Sabtu, 4 Januari 2025 – 00:04 WIB
Yogyakarta, VIVA – Empat mahasiswa Universitas Islam Negeri Sunan Kalijaga (UIN) Syariah dan Hukum Yogyakarta, yakni Enika Maya Octavia, Faisal Nasirul Haq, Rizki Maulana Syafei, dan Tsalis Khoyrul Fatna menggugat Presidential Threshold 20 persen. Konstitusi (MK) Presiden dan Wakil Presiden.
Baca juga:
MK memberikan kesempatan kepada partai untuk mengusung calon presidennya, namun PAN tetap menganggap Prabowo yang terbaik
Majelis hakim Mahkamah Konstitusi (CC) memenangkan perkara tersebut. Putusan Mahkamah Konstitusi dibacakan pada Kamis, 2 Januari 2025.

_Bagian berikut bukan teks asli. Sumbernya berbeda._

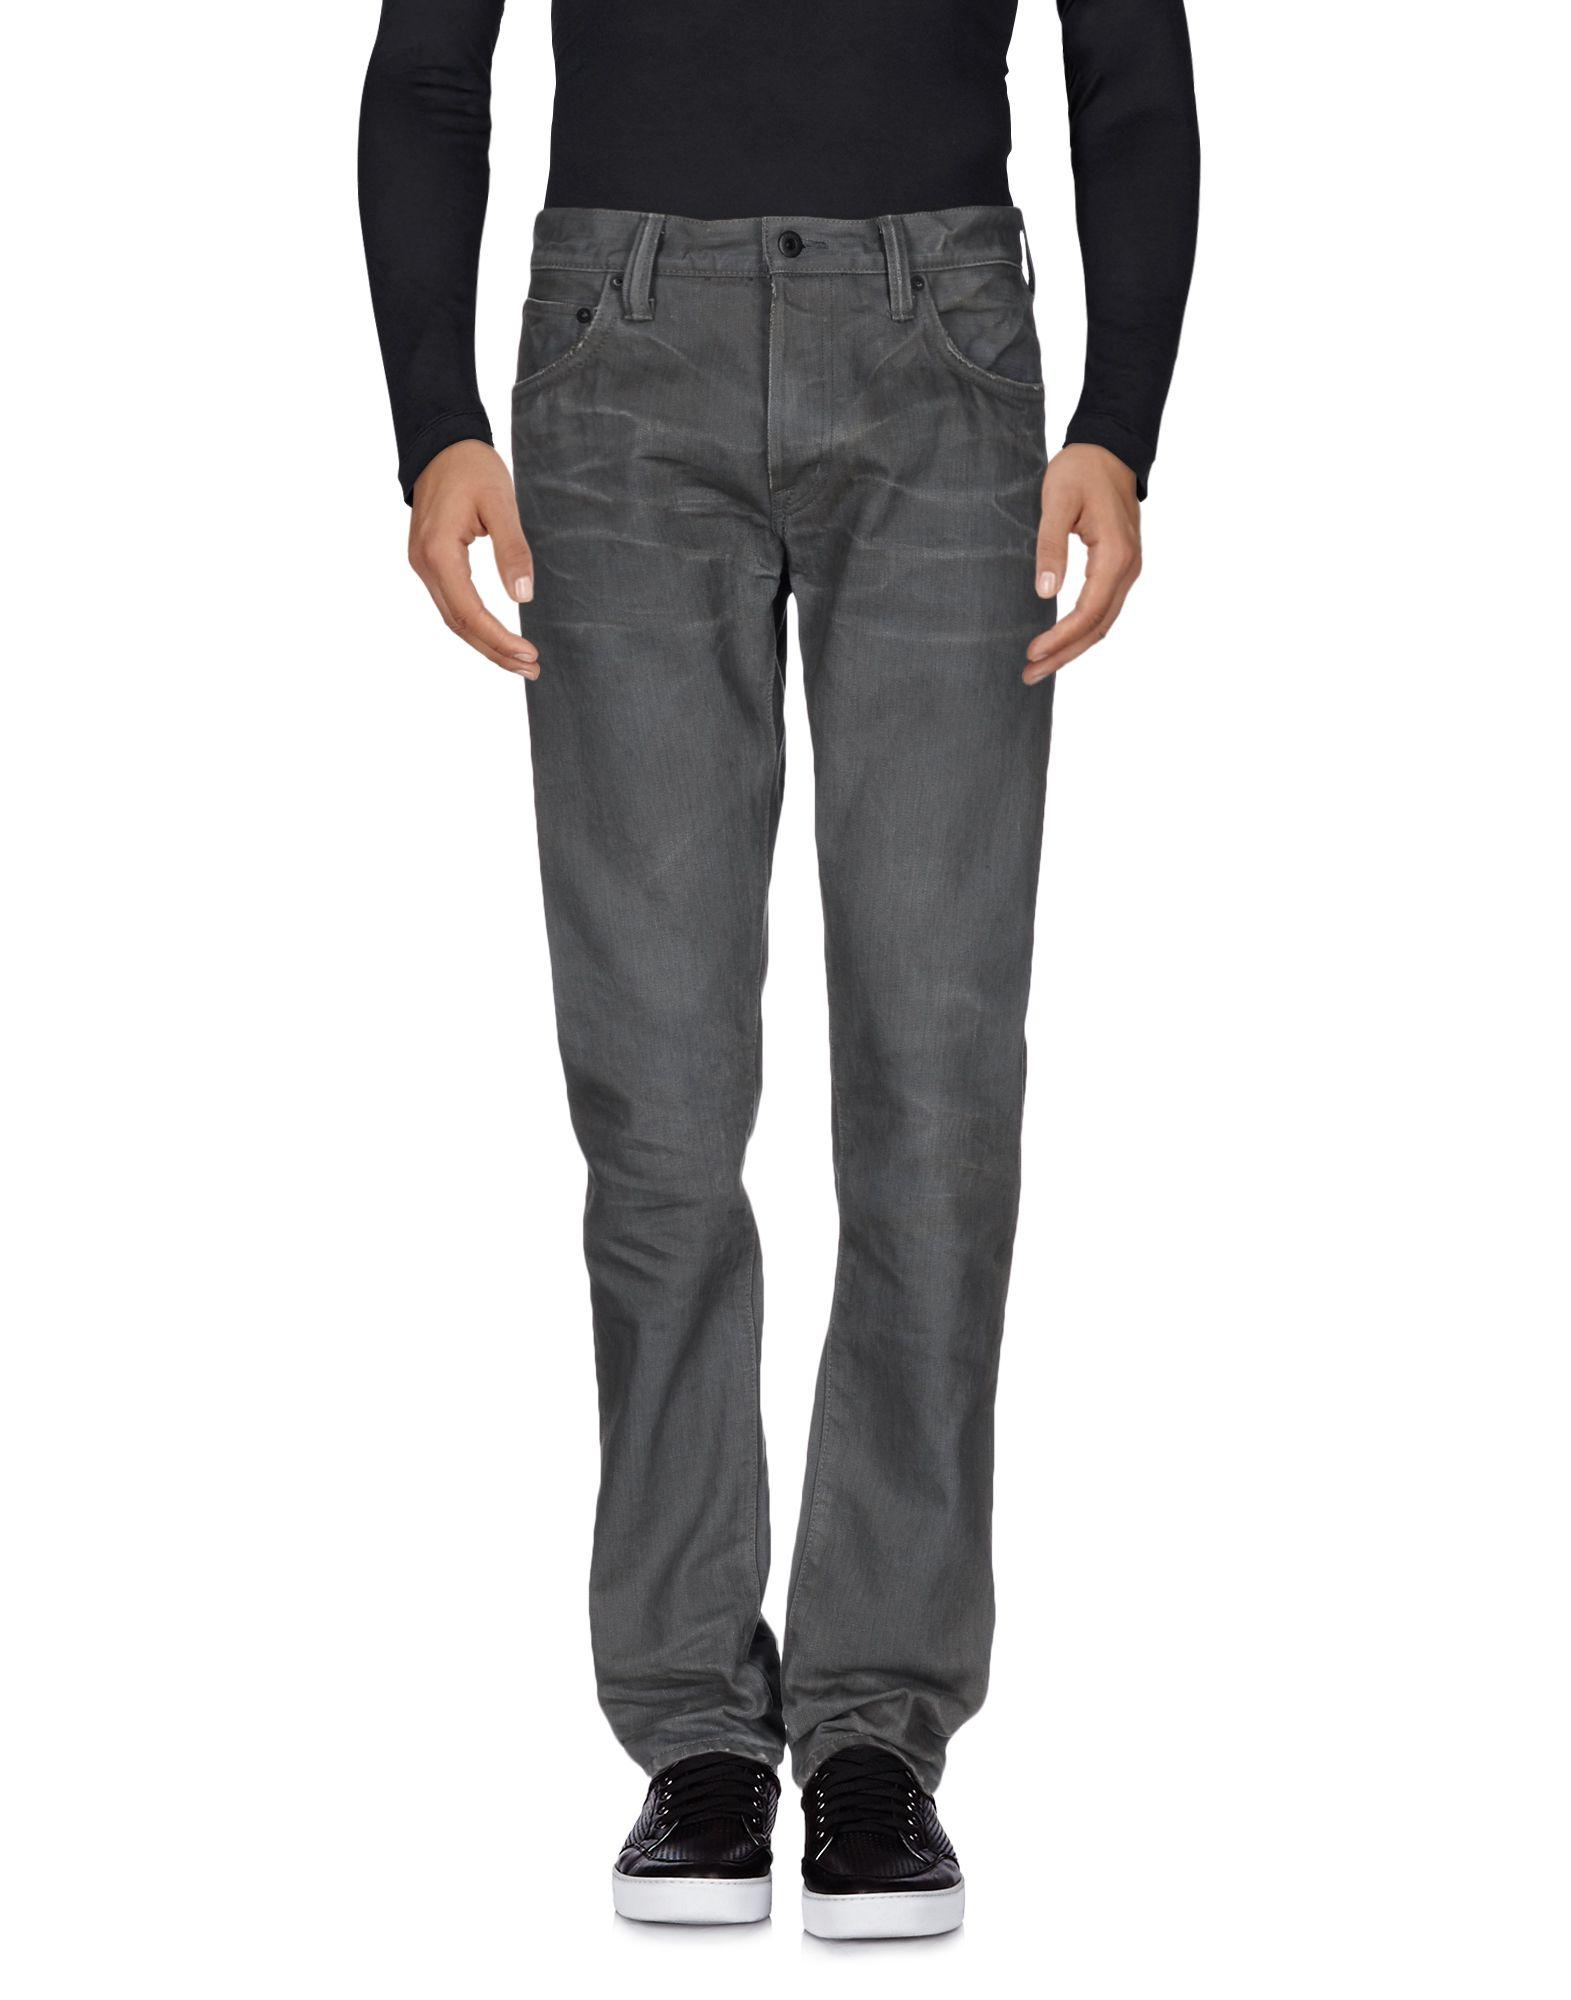 MASTERCRAFT UNION Jeans in Lead

Salah satu mahasiswa UIN Sunan Kalijaga yang menggugat, yakni Enika Maya Octavia mengaku mengajukan permohonan uji materiil Pasal 222 UU Nomor 7 Tahun 2017 hanya bersama rekannya. Enika mengatakan, tidak ada campur tangan pihak manapun dalam gugatannya yang diajukan ke Mahkamah Konstitusi.
Baca juga:
Menurut pakar hukum, ambang batas kursi kepresidenan telah mengecualikan calon-calon potensial
“Kami tidak menerima campur tangan organisasi, lembaga, atau partai politik lain. Yang kami lakukan hanyalah perjuangan akademis dan perjuangan perlindungan konstitusi,” kata Enika UIN Sunan Kalija, Yogyakarta, Jumat, 3 Januari 2025.
Baca juga:
DPRK khawatir jumlah calon presiden terlalu banyak karena Komite Sentral menghapuskan batasan presiden.
Enika mengatakan kepada Mahkamah Konstitusi, aksi uji materiil tersebut merupakan proses panjang yang dilakukan bersama teman-temannya. Sebelum mengajukan gugatan, Enika dan rekan-rekannya tergabung dalam komunitas Constitutional Watch.

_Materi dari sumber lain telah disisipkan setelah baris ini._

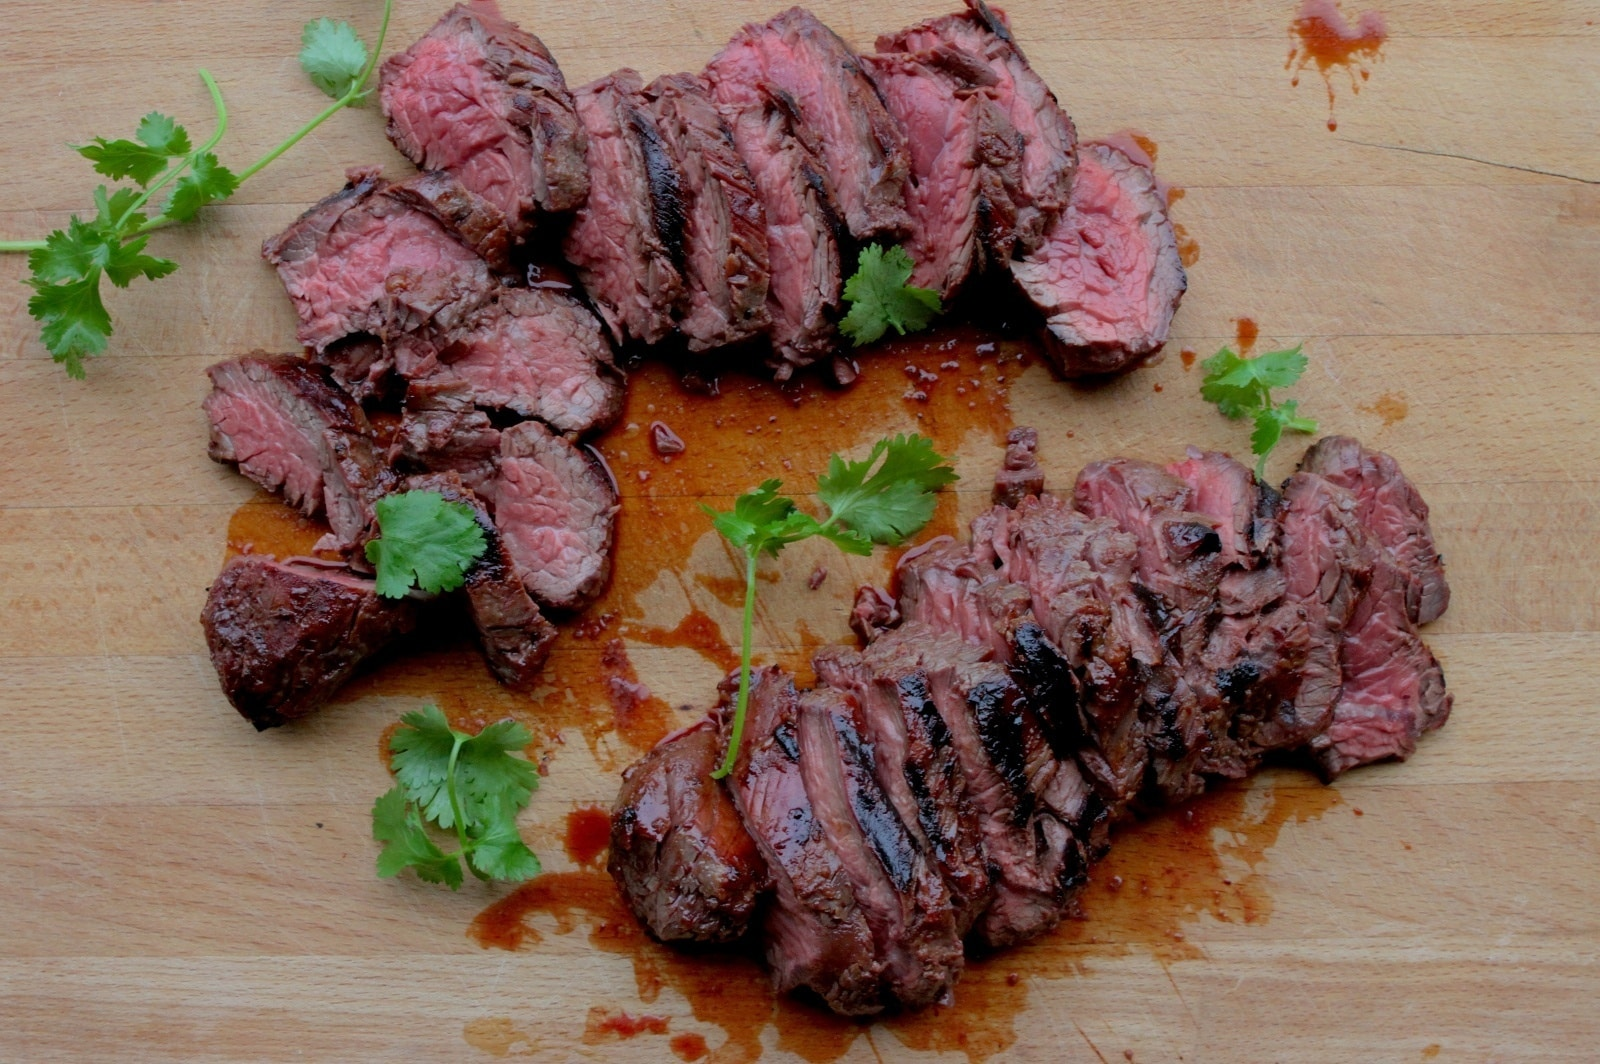 hangar steak e1593307854510

Komunitas ini merupakan organisasi resmi UIN Sunan Kalijaga. Pada tahun 2023, Enika bersama rekan-rekannya mengikuti kompetisi antar universitas yang diselenggarakan oleh Bawaslu RI. Salah satu pembahasannya terkait Sistem Limit Presidensial.
Dari perdebatan tersebut, kata Erika, terkumpul materi dan penelitian terkait ambang batas Kepresidenan. Berbekal materi tersebut dan putusan MK 90, Erika dan tim kemudian menyiapkan materi perkara ke Mahkamah Konstitusi.
“Gugatannya telah diajukan pada Februari 2024. Proses ini memakan waktu hampir satu tahun hingga keputusan akhir diambil oleh MK. Dalam proses ini, kami melalui 7 gugatan,” jelas Erika.
Dalam argumentasinya, Enika dan kawan-kawan menilai sebagai pemilih, masyarakat lebih diposisikan sebagai objek pelaksanaan demokrasi. Padahal, masyarakat seharusnya menjadi subjek pelaksanaan demokrasi.
Kami mencoba mengajukan dan berargumen. Kami bukan objek demokrasi, tapi subjek demokrasi. Dengan demikian, posisi hukum kami diterima, jelas Enika.
Enika menambahkan, dirinya sengaja menggugat Mahkamah Konstitusi usai Pilpres 2024 untuk menghindari tekanan politik dalam prosesnya.
“Semakin dekat pemilu presiden, tekanan-tekanan politiknya akan semakin mendesak. Kami ingin kajian-kajian yang dilakukan MK tidak menjadi preseden atau memberikan pengaruh politik yang buruk. Kajian-kajian tersebut benar-benar kajian akademis. Memang benar adanya. tidak memiliki muatan hukum. ‘studi dan ini dibuktikan oleh Erika.
Halaman berikutnya
Dari perdebatan tersebut, kata Erika, terkumpul materi dan penelitian terkait ambang batas Kepresidenan. Berbekal materi tersebut dan putusan MK 90, Erika dan tim kemudian menyiapkan materi perkara ke Mahkamah Konstitusi.